A new website offer subscribers a simple web interface to a caller ID spoofing system that lets them appear to be calling from any number they choose.
Called "Camophone", the service functions much like the Star38.com site that struggled with an abortive launch last month: a user types in their phone number, the number they wish to call, and the number they'd like to wear as a disguise. The system instantly dials back and patches the call through with the properly-forged caller ID.
Camophone is being promoted in ads that appear when searching for competitor "Star38" on Google.
The original web-based spoofing business launched 1 September on a wave of media attention that began with a report on SecurityFocus. Star38 was marketed to collection agencies looking to trick debtors into answering the phone. It asked would-be clients to pay a non-refundable $150 application fee, a twenty-five cent connection fee for each call, and seven to fourteen cents per minute.

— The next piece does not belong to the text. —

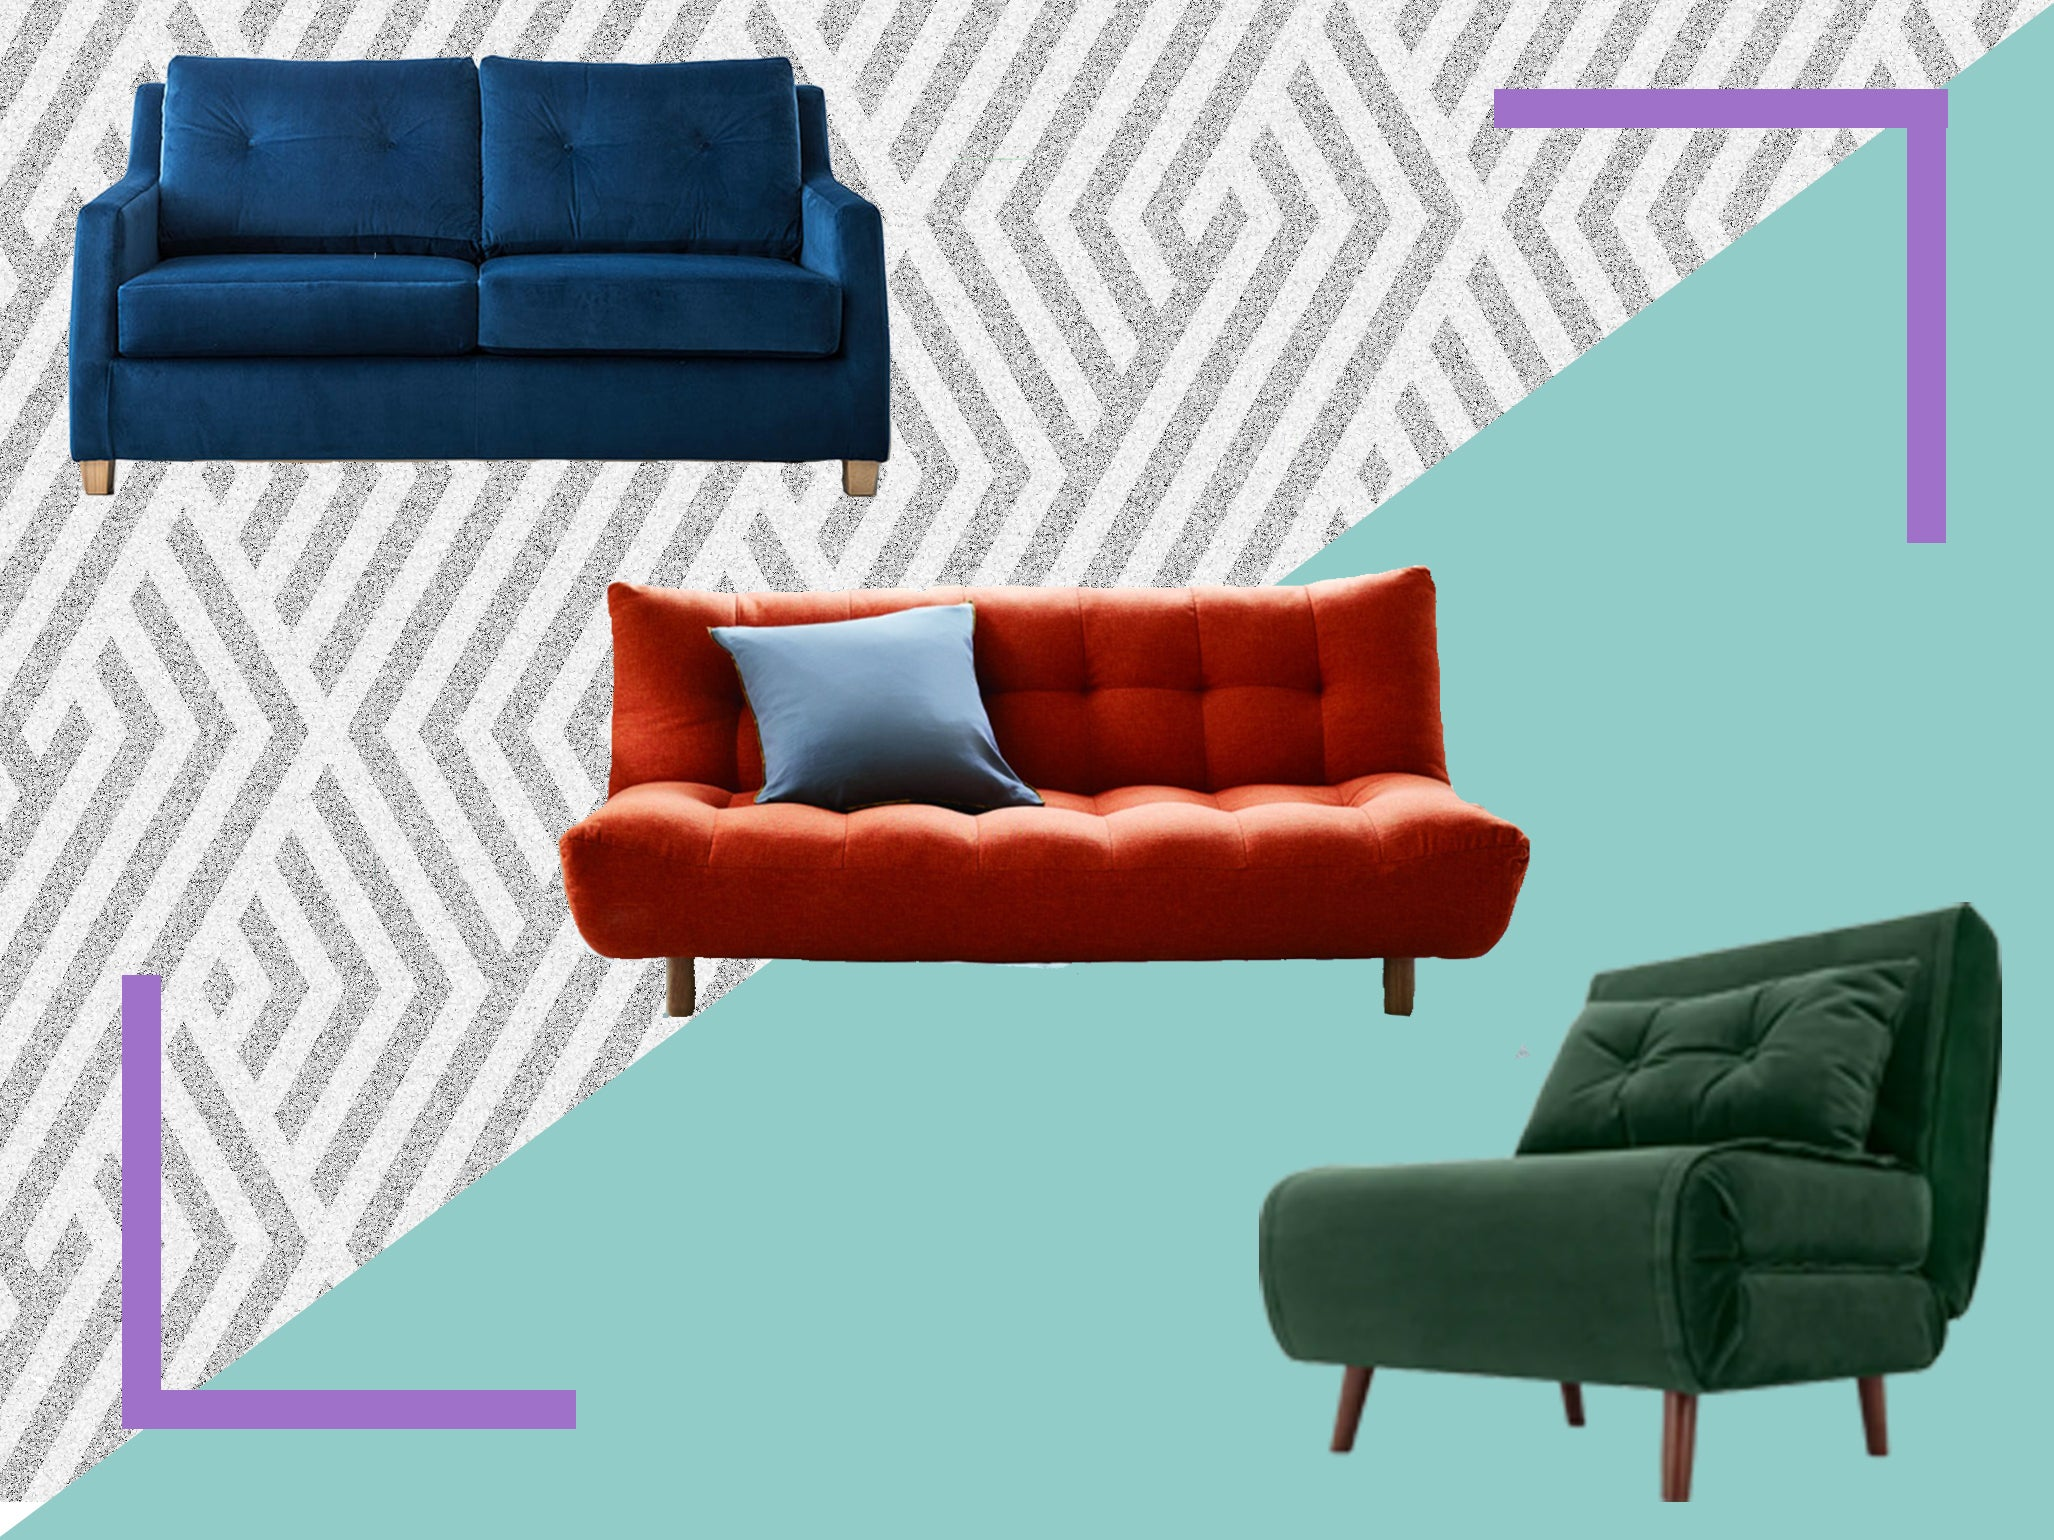 Luxury Futon Bed Wooden Frame Guest Sofa Bed Folding Mattress Single Green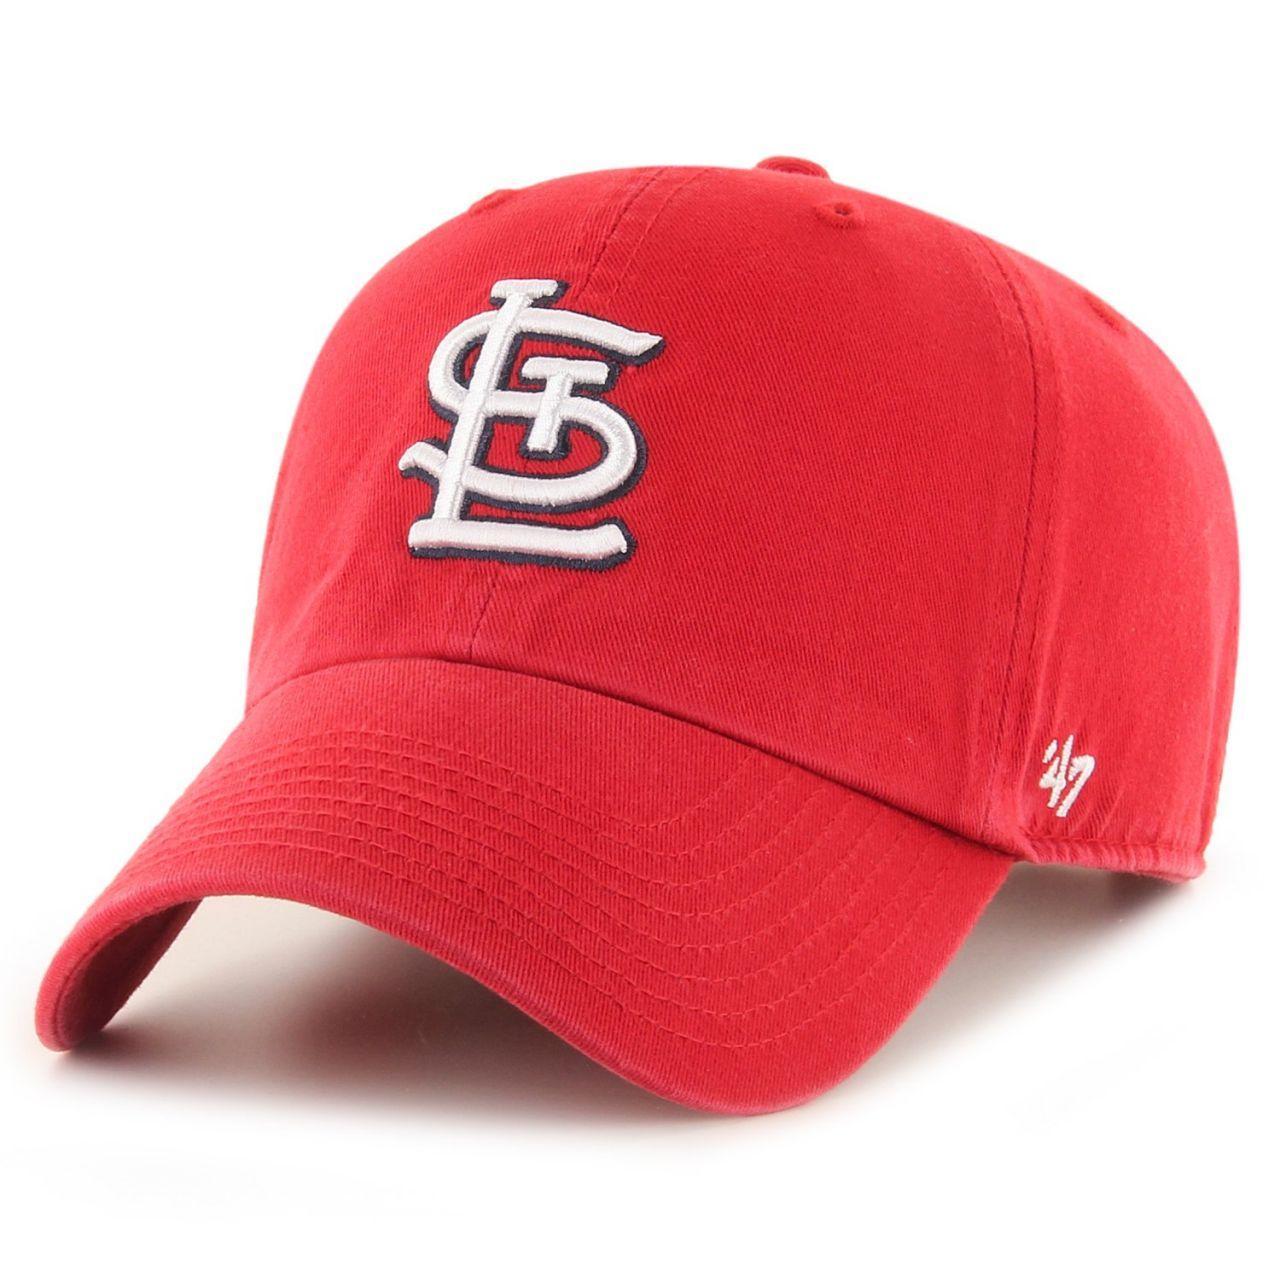 amfoo - 47 Brand Adjustable Cap - CLEAN UP St Louis Cardinals rot

Some legal experts said collection agencies would likely be prohibited from using such a service under federal fair debt collection laws, and three days after Star38's launch, founder Jason Jepson told the New York Times that he was looking to sell the business, claiming he'd received harassing phone calls and a written death threat. The site went dormant until this week, when it relaunched as a tool offered exclusively to law enforcement officials and "intelligence agencies". A phone message left on Star38's voice mail and an email to Jepson were not immediately returned Wednesday.
In contrast to Star38, Camophone is open to anyone with a PayPal account, at a rate of five cents per minute, pre-paid, with a five dollar, 100-minute minimum purchase. The service boasts that it keeps no logs, and the business' owner is a mystery: there is no contact information on the site, and the Camophone.com domain name was registered through a proxy service. But the site performed as advertised in a test by SecurityFocus, in which a reporter made phone calls appear to originate from the White House switchboard.
Caller ID spoofing has for years been within the reach of businesses with certain types of digital connections to their local phone company, and more recently it's become the plaything of hackers and pranksters exploiting permissive voice over IP systems and VXML hosting services.
Pranks on friends and loved ones are the most common application of spoofing, but not the only one. In August, Secure Science Corporation warned that hackers can use caller ID spoofing to break into the voice mail boxes of T-Mobile subscribers. A U.S. wireless company with 15.4 million customers, T-Mobile permits users to check voice mail without entering a passcode, as long as they're calling from their own phone - an easy matter to fake with caller ID spoofing.
In a statement, T-Mobile said that customers can switch on an option that requires them to enter a passcode even when calling from their own phone, and thus foil spoofing attacks. "We recommend that customers take advantage of the security a password can provide," the company said. Secure Science's Lance James says that's not good enough. "It's not on by default," says James. "The majority of people, if not all of them, leave it off."
"This has been going on forever," agrees phone hacker "Lucky225." "People are getting celebrity numbers... and it'll be on the default settings. Then they'll listen to the messages and get other celebrity numbers."
Another phone hacker, speaking on condition of anonymity, was openly angry about the Camophone service, because he was hoping to be first to market with his own Star38 copycat, for which he's registered the domain telespoof.com. He, too, used a proxy - like the proprietor of Camophone, the hacker plans on remaining anonymous. "I'm not going to put any of my info on it," he says. "I don't want to get death threats."